Since Foxx won election as a reform candidate in 2016, her office has overturned more than 200 cases based on allegations of misconduct or new evidence that cast doubt on convictions.
On Wednesday, her office announced a “rebranding” of the Conviction Integrity Unit which she launched soon after taking office. It will now be called the Conviction Review Unit and will be headed by Michelle Mbekeani, a senior policy adviser to Foxx.
Foxx said in a statement that the new unit would “operate under the principle of participatory justice” by engaging with community members and criminal justice advocates.
“It represents a shift in our approach towards rectifying the wrongs of the past, ensuring fairness in our justice system, and incorporating community voices in our decisions,” Foxx said in the statement. “This move further symbolizes our promise to the people we serve that we will continue to review, rectify, and restore justice, especially in cases marred by historical injustices and misconduct.
“The Conviction Review Unit stands as a beacon of hope and a testament to our dedication to turning the tide against systemic inequities and rebuilding trust in our legal system,” she added.
Mbekeani has never worked as a line prosecutor handling criminal cases in the courtroom.
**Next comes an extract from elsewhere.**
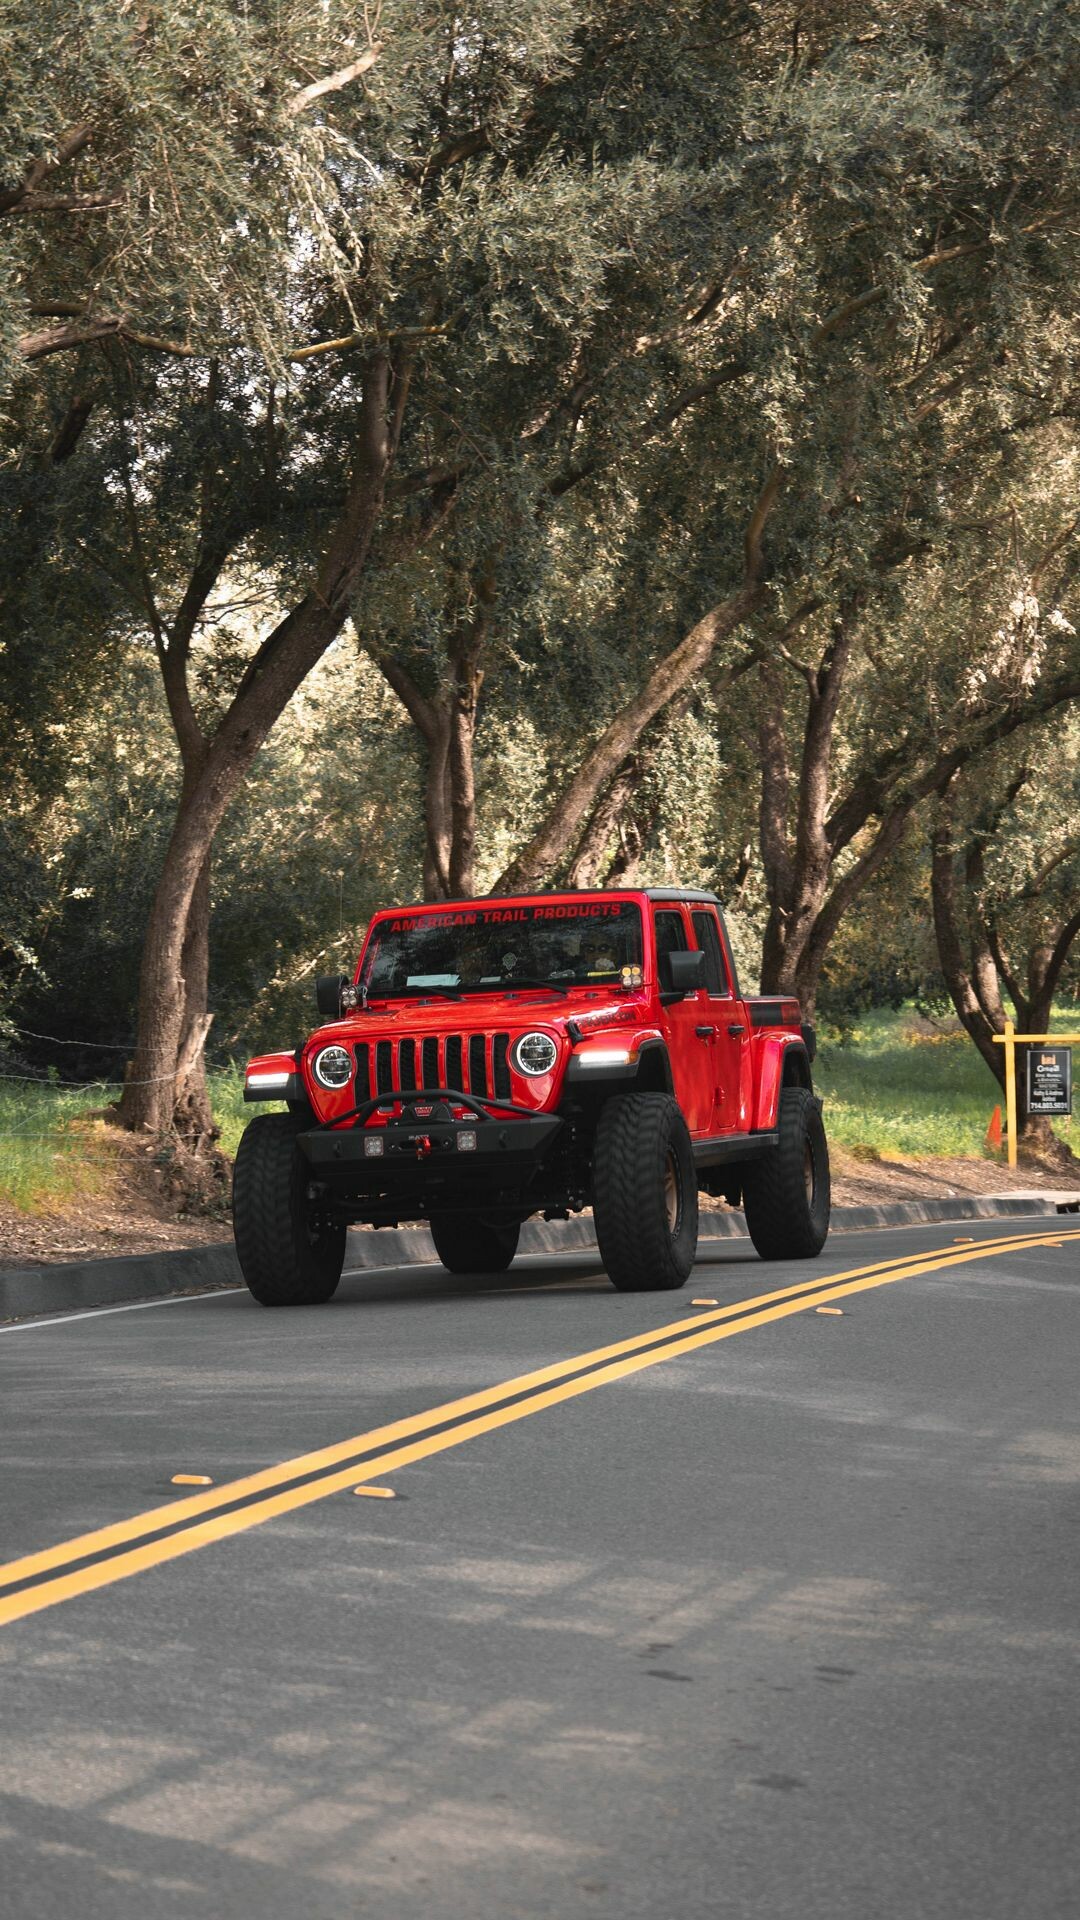 Jeep: A division of Chrysler, The off-road iconoclast founded in 1941. 1080x1920 Full HD Background.

She joined the state’s attorney’s office as a senior legal and policy adviser in 2018 after a stint as a staff attorney at the Sargent Shriver National Center on Poverty Law.
Her predecessor as head of the unit, Nancy Adduci, will remain as one of two deputy supervisors working under Mbekeani.
In recent months, Adduci has come under fire from attorneys representing three men charged in the 2011 killing of Chicago Police Officer Clifton Lewis. Adduci had been assigned to the prosecution team in Lewis’ murder from the start, but was pulled off the case early this year, after lawyers for Tyrone Clay, Alexander Villa and Edgardo Colon claimed to have discovered a trove of evidence that was not turned over to the men’s trial attorneys.
Charges against Clay and Colon were dropped, and Villa has appealed the guilty verdict in his 2018 trial.
Foxx increased staffing for the Conviction Integrity Unit upon taking office, beefing up a unit that under her predecessors often seemed to have only one or two lawyers evaluating cases.
Advocates for the wrongfully convicted continue to complain about the slow pace of investigations into misconduct allegations, but nearly all agree that Foxx’s administration has been far more willing to investigate cases and move to reverse troubled convictions.
“There is no doubt that, in this county, because of the sheer number of wrongful convictions that we’ve seen, that this has to be a priority for the state’s attorney,” said Josh Tepfer, an attorney who represented dozens of people convicted in cases linked to corrupt Chicago police Sgt. Ronald Watts.
Foxx’s office has thrown out convictions in more than 200 cases that were based on arrests made by Watts and his unit, a move that Tepfer said was unprecedented in Cook County.
“I would hope that they would continue to become more proactive in the office, because there is still a lot of work that needs to be done,” he said.